• **WORK ITEM**
In the listing below, find the line with "South Park: Snow Day nintendo" and copy every line from there up to and including the line with "Pantaloni slim bleumarin print geometric 0", exactly and without pictures.

• **DATA EXTRACTS**

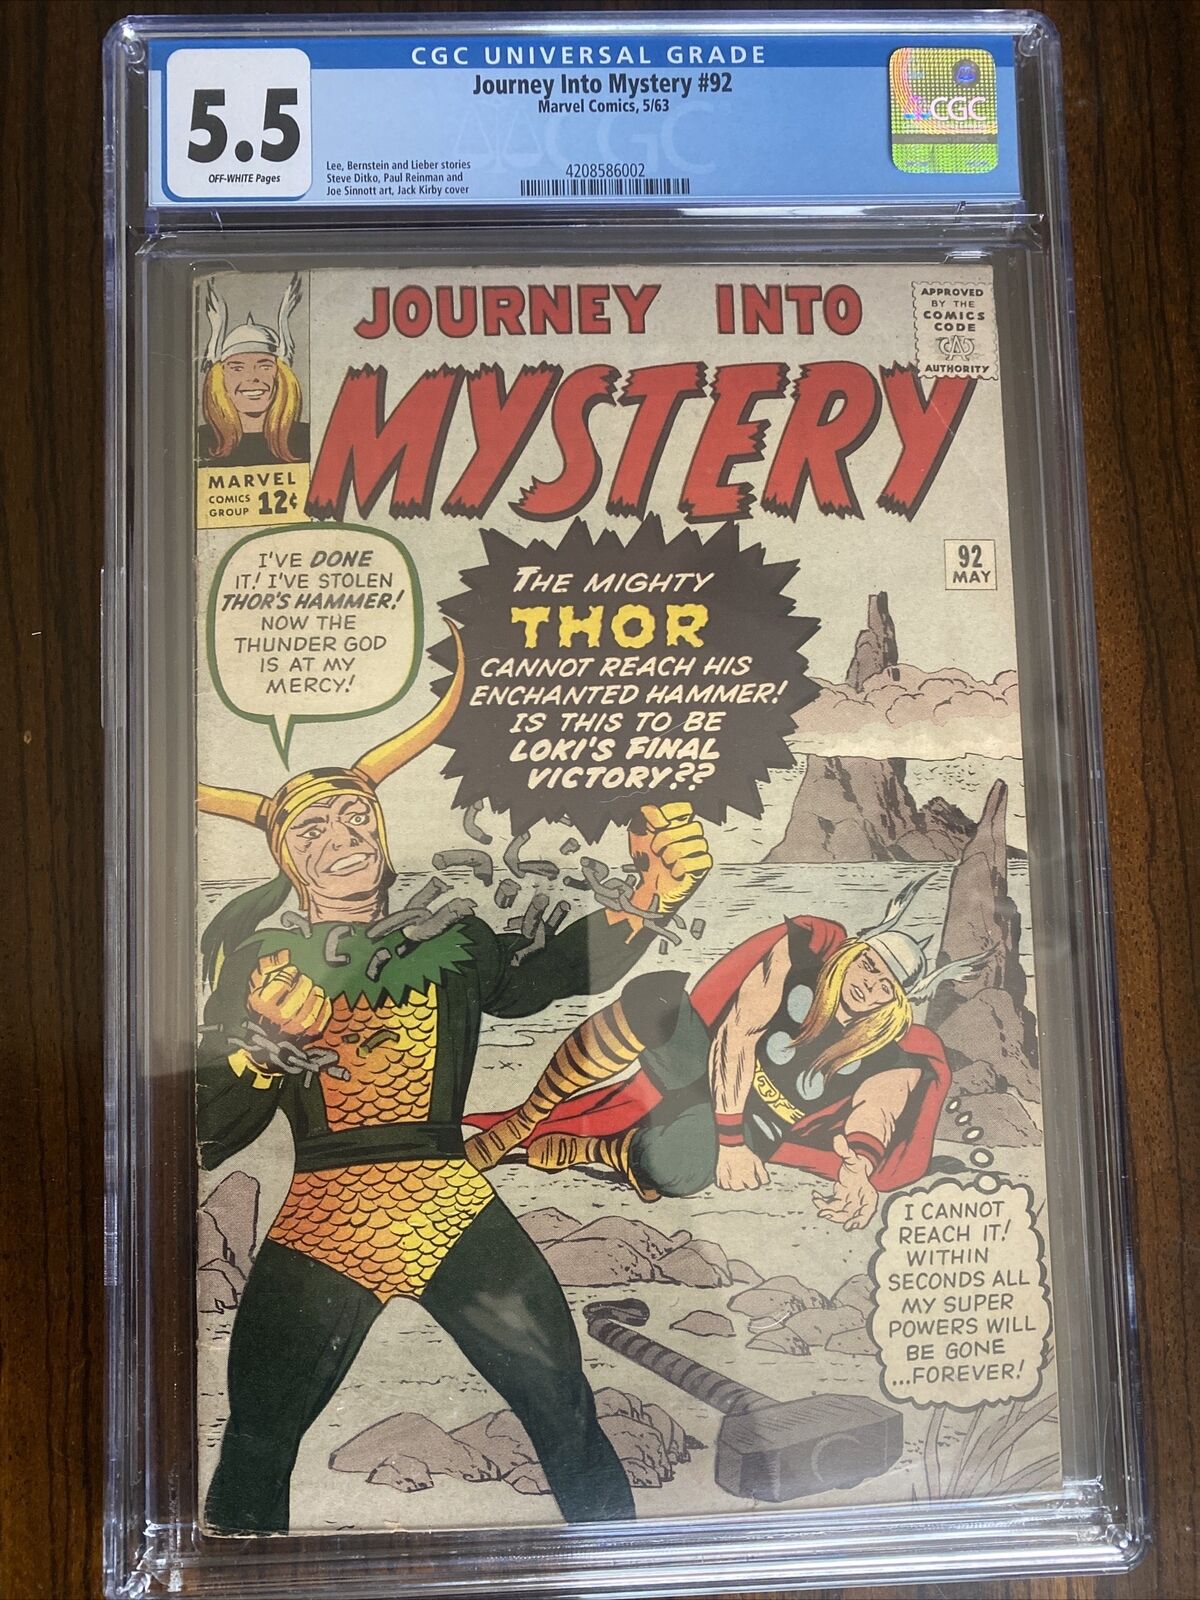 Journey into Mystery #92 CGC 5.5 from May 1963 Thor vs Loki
--
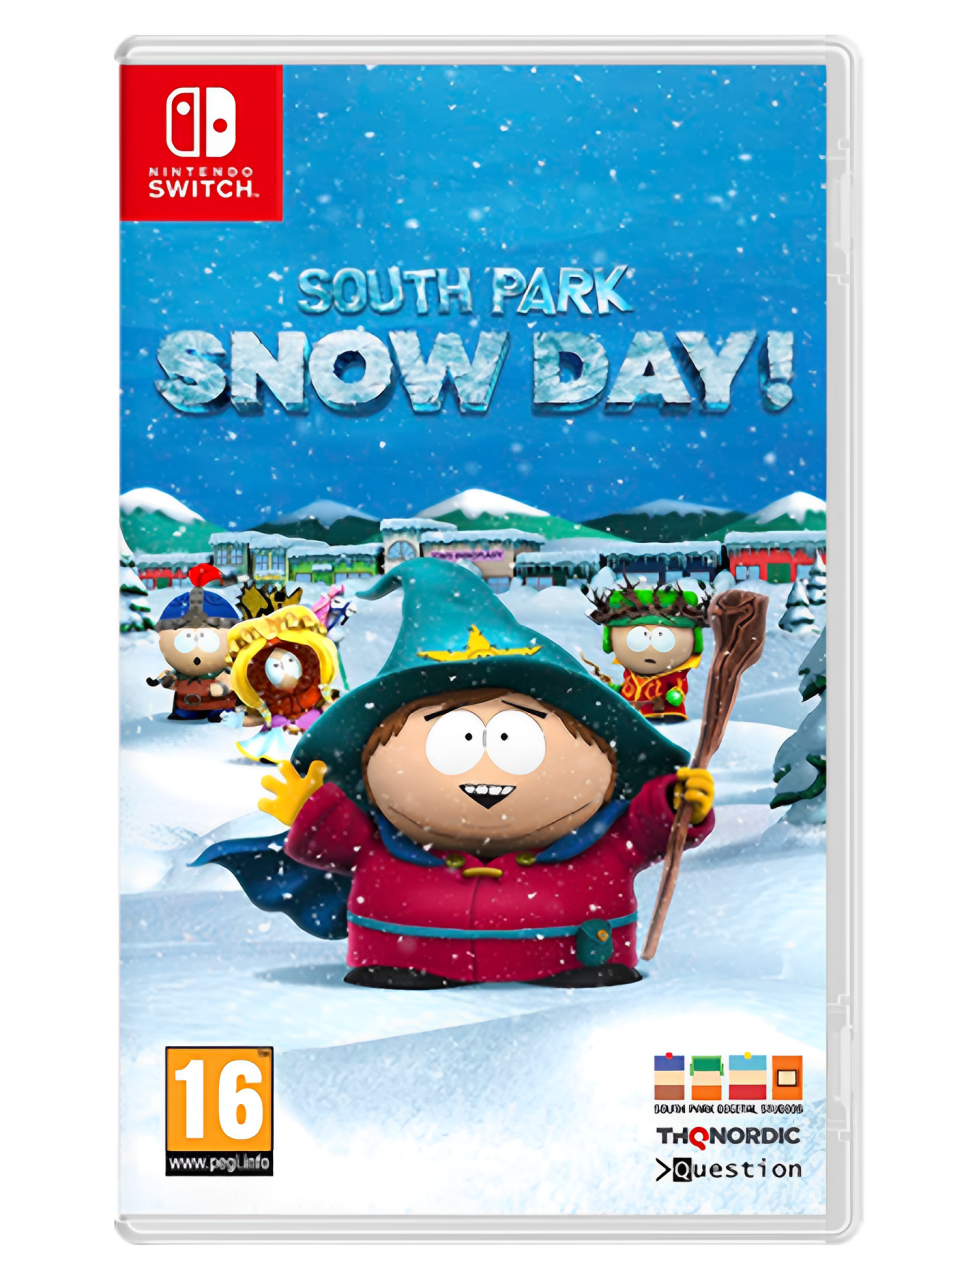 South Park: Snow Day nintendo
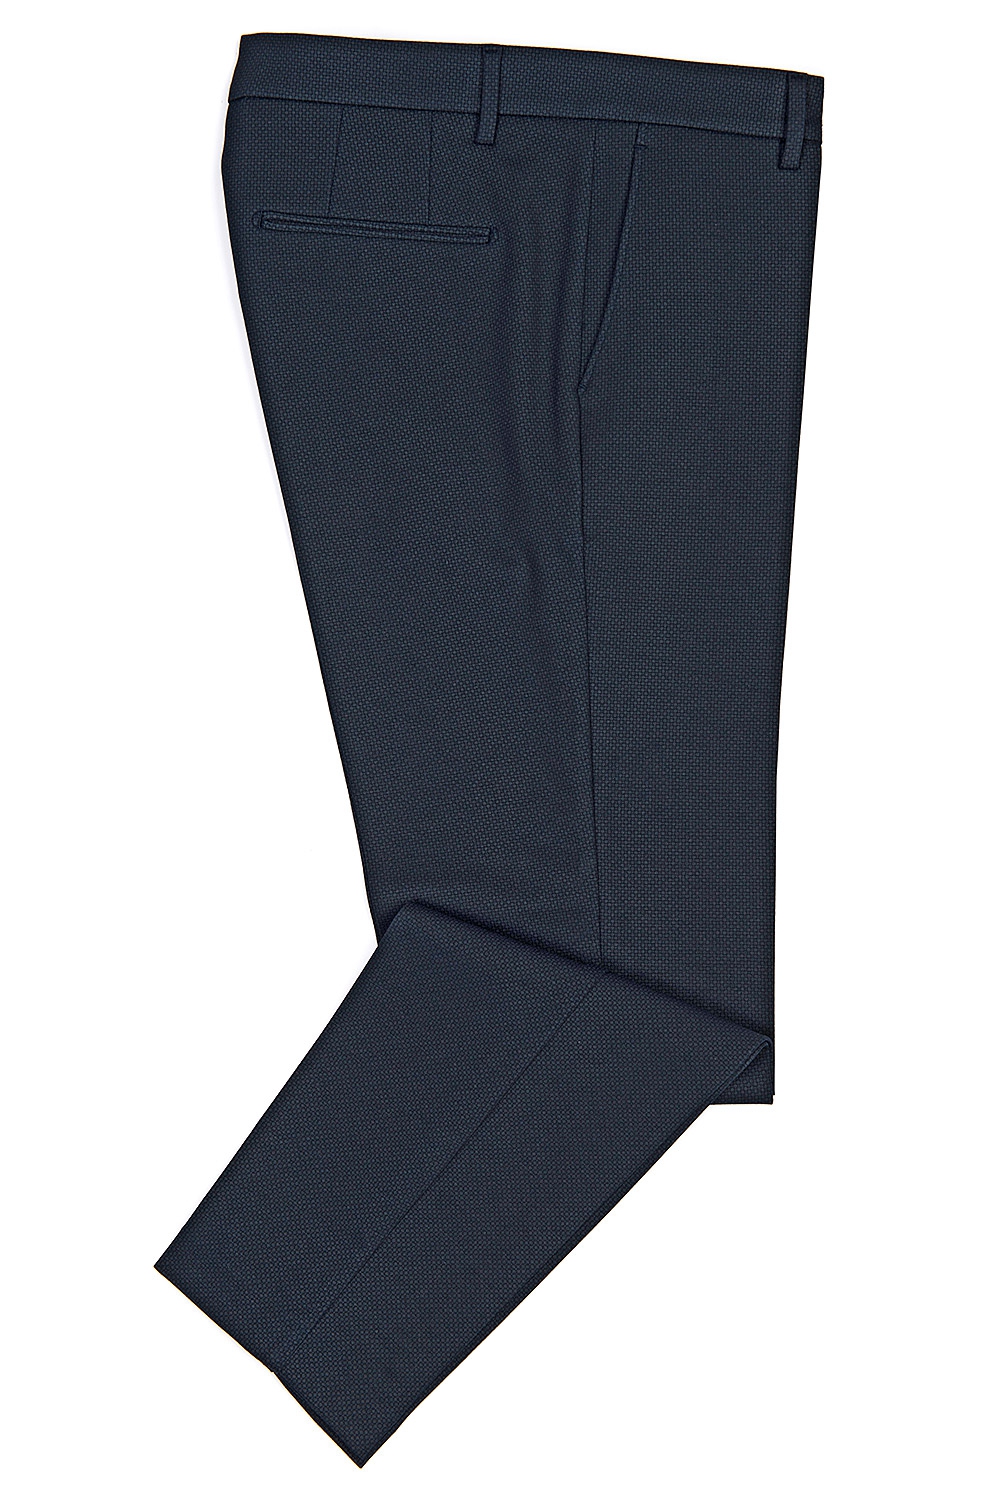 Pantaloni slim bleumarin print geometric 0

• **EXERCISE ANSWER**
 South Park: Snow Day nintendo
 Pantaloni slim bleumarin print geometric 0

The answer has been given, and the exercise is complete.